- Screenplay by: Paul W. Shapiro
- Story by: Paul W. Shapiro Michael Weisman
- Directed by: Steven Hilliard Stern
- Starring: Art Carney Chris Makepeace
- Music by: Matthew McCauley
- Countries of origin: Canada; United States;
- Original language: English

Production
- Producer: Steven Hilliard Stern
- Cinematography: Laszlo George
- Editor: Ron Wisman
- Running time: 102 minutes
- Production company: Sharmhill Productions

Original release
- Network: The Disney Channel
- Release: May 5, 1985

= The Undergrads =

The Undergrads is a 1985 comedy‑drama television film directed by Steven Hilliard Stern. Starring Art Carney and Chris Makepeace, the film premiered on May 5, 1985, on The Disney Channel.

==Plot==
Mel Adler returns home after grocery shopping.

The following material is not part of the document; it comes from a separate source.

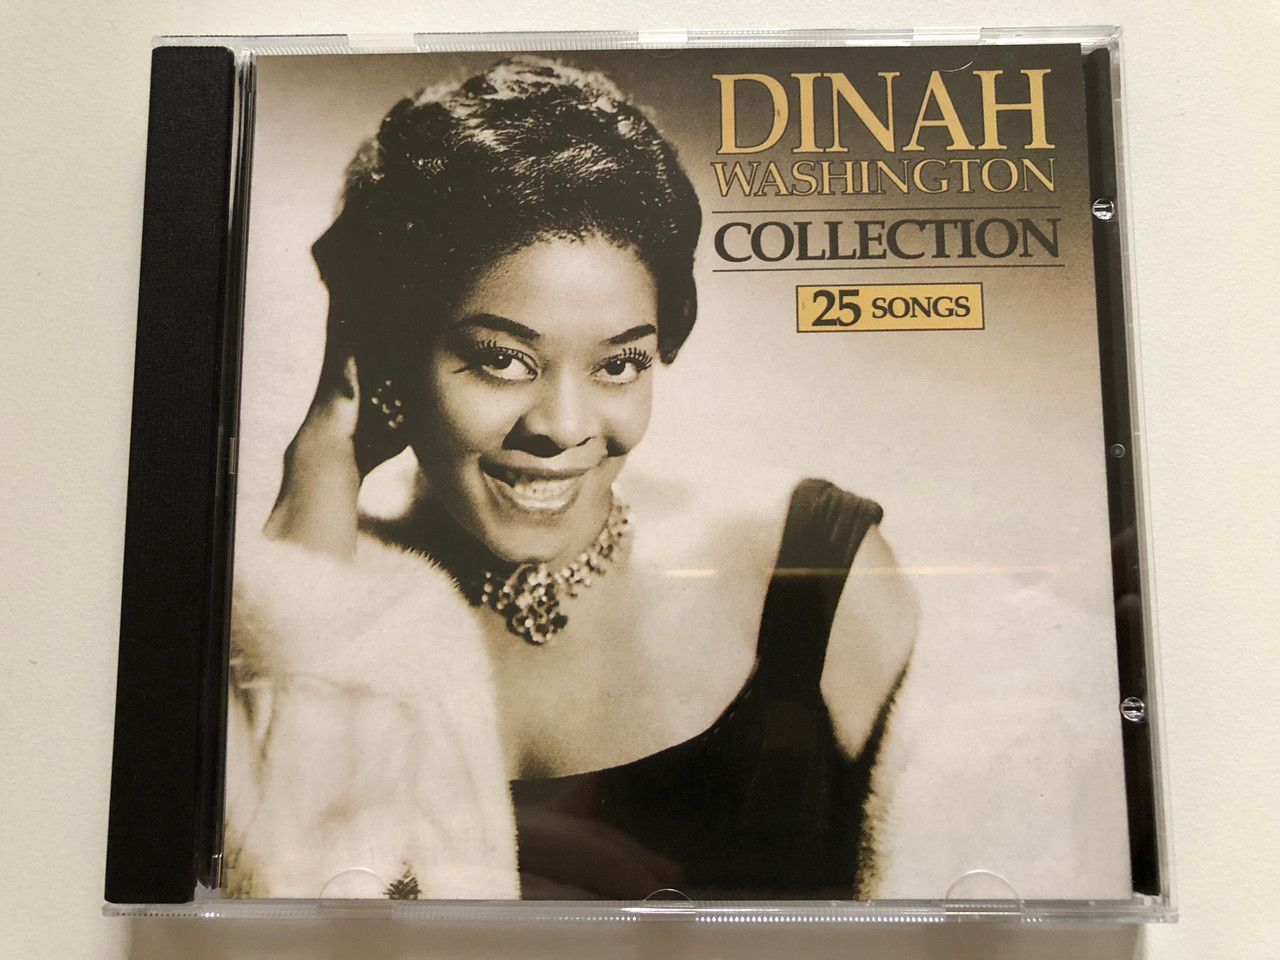 https://cdn10.bigcommerce.com/s-62bdpkt7pb/products/0/images/310587/Dinah_Washington_Collection_25_Songs_The_Collection_Audio_CD_1994_COL057_1__52410.1699391926.1280.1280.JPG?c=2

When a fire accidentally catches and burns through his apartment, Mel's son decides to move him into a retirement home. While temporarily staying at his son's house, Mel encounters his Harvard-bound teenage grandson Dennis, who he calls Jody. A day after Mel moves into the retirement home, Jody visits him and tells him that he will instead be attending a local college and wants him to come live with him. Mel, who always dreamed of going to college, comes up with the idea of enrolling as a student.

The college administrators are hesistant to enroll a 68-year-old freshman, but one of them takes interest in Mel and convinces the rest to take the chance because the old alumni would love it. Mel and Jody navigate college life on a budget, getting around on a motorcyle with a sidecar. Jody begins working at a health food store. Mel excels in his English class and even develops a gentle romance with his professor Nancy, but is hesitant to pursue it further. However, he receives low grades in his other classes and decides to study hard. Jody's work life becomes stressful when he is unwittingly caught up in the owner's illegal backroom gambling operation.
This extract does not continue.